BRIEF DESCRIPTION OF THE DRAWINGS
[0041] In the following, the subject-matter will be described by
way of example without limitation of the general inventive concept,
with the aid of embodiments with reference to the drawings to which
attention is drawn concerning the disclosure of all details of the
invention not described more explicitly in the text. Some features
shown in the different embodiments can be used in the
implementations shown in other embodiments. Same reference signs
used in the figures show similar features in the embodiments, as
shown by
[0042] FIG. 1A is a diagram of a cross-section of a semiconductor
electrode in that electrons are induced as charge layer,
[0043] FIG. 1B is a diagram of a cross-section of a semiconductor
electrode in that holes are induced as charge layer,
[0044] FIG. 1C is a diagram of a photodetector with two gates,
[0045] FIG. 2 is a diagram of a SOH optical modulator/detector with
a gate,
[0046] FIG. 3 is a diagram of a pn-junction modulator with a gate,
and
[0047] FIG. 4 is a SOH modulator with gate.
[0048] FIG. 5 is an alternative SOH modulator wherein a gate is
placed at an alternative position,
[0049] FIG. 6 is a setup of a data-transmission experiment, and
[0050] FIG. 7 are experimental results.
DETAILED DESCRIPTION
[0051] FIG. 1A shows a cross-section of a semiconductor electrode
10 that is a component for a not shown electro-optical device. The
semiconductor electrode 10 consists of a silicon layer which is
intrinsic or lowly doped. An insulating layer forms an insulator 11
that separates the semiconductor electrode 10 from a gate 12.
[0052] The gate 12 and the semiconductor electrode 10 are arranged
on opposite sides of the insulator 11 and form a capacitor. One
side of the semiconductor electrode 10, a face 10B, is contacting
the insulator 11. The face 10B is designed plain and arranged on
the side 10B of the semiconductor electrode 10 that is facing the
gate 12.
[0053] When a voltage V.sub.gate is applied between the
semiconductor electrode 10 and the gate 12, energy bands in the
semiconductor electrode 10 are bent and a charge layer 10A is
formed in the face 1013 at the boundary of the semiconductor
electrode 10 and the insulator 11. This is a well know mechanism,
and is explained for example in Physics of Semiconductor Devices,
Third Edition 2006 by S. M. Sze and K. NG. Kwok.
[0054] The charge layer 10A decreases the overall sheet resistance
of the silicon film of the semiconductor electrode 10. This method
can be applied in optical devices where optical losses are
critical.
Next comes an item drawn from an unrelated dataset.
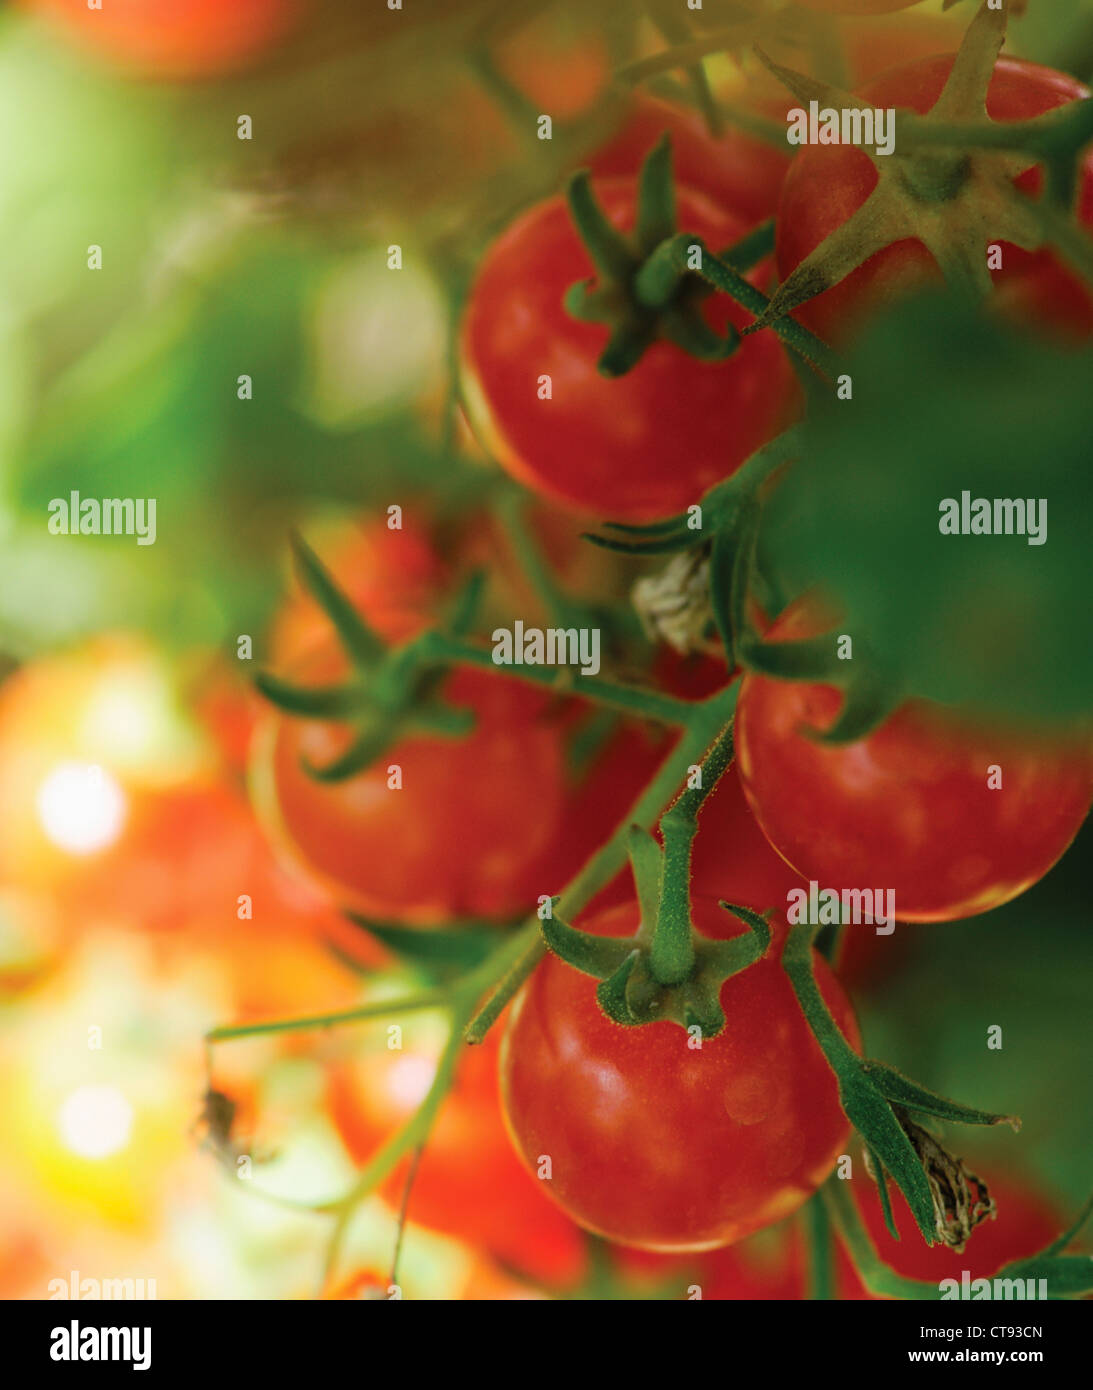 Lycopersicon esculentum, tomates, fruits rouges qui poussent sur la vigne. Banque D'Images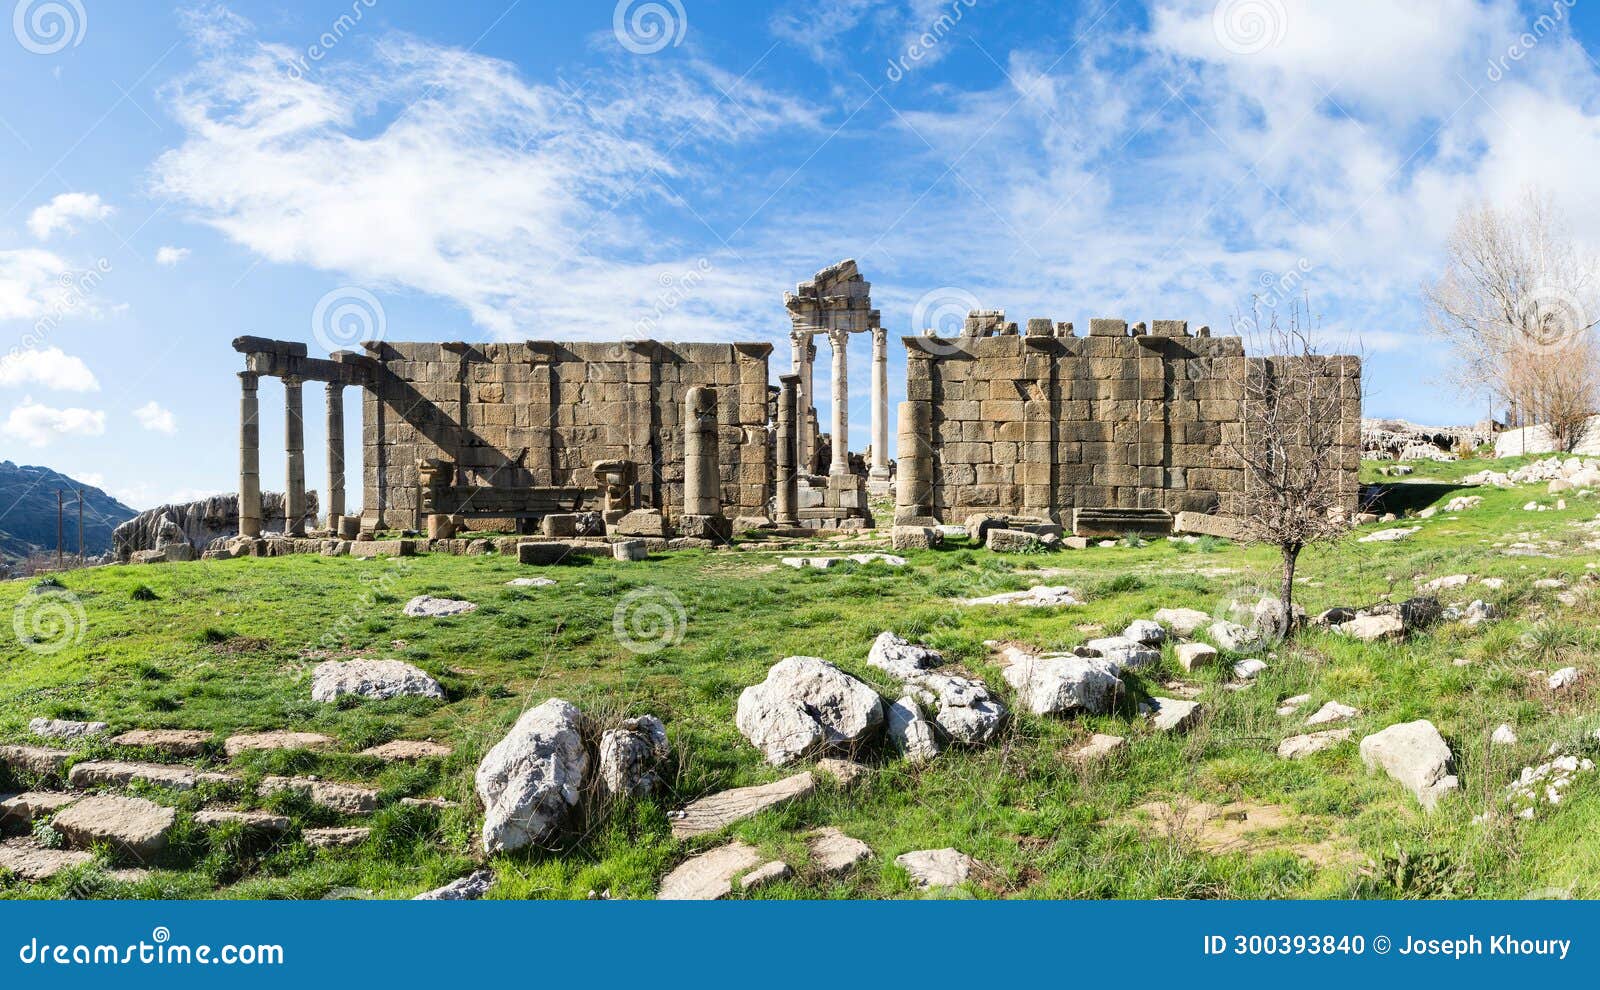 roman ruins at temple of adonis in faqra, lebanon

The conductivity is due to injected carriers rather than
due doping. Injected carriers in intrinsic semiconductors have a
higher mobility than carriers in doped semiconductors. The
conductivity is related to the carrier density and the mobility
by
.sigma.=qN.mu..
[0055] Here .sigma. is the conductivity, q is the electrical
charge, N is the density, and .mu. is the mobility. As a
consequence, the electrical conductivity in a semiconductor will be
higher if carriers stem from carrier injection rather than from
doping. On the other hand, the Drude-Lorenz model states that
optical losses induced by free carriers having a density N and a
mobility .mu. are given by
.alpha..sub.Drude.varies.N/.mu..
[0056] Thus, a semiconductor electrode 10 with induced carries
provides lower optical losses for a given carrier density N. The
conclusion based on the Drude-Lorenz model must be considered as an
indication. It is known that the Drude-Lorenz model does not fully
describe the absorption in silicon. Yet no experimental data is
available so far on the optical losses induced by injected carriers
in intrinsic silicon.
[0057] FIG. 1A shows the creation of an electron layer as charge
layer 10A in the silicon of the semiconductor electrode 10 when a
gate voltage V.sub.gate is applied across the insulator 11.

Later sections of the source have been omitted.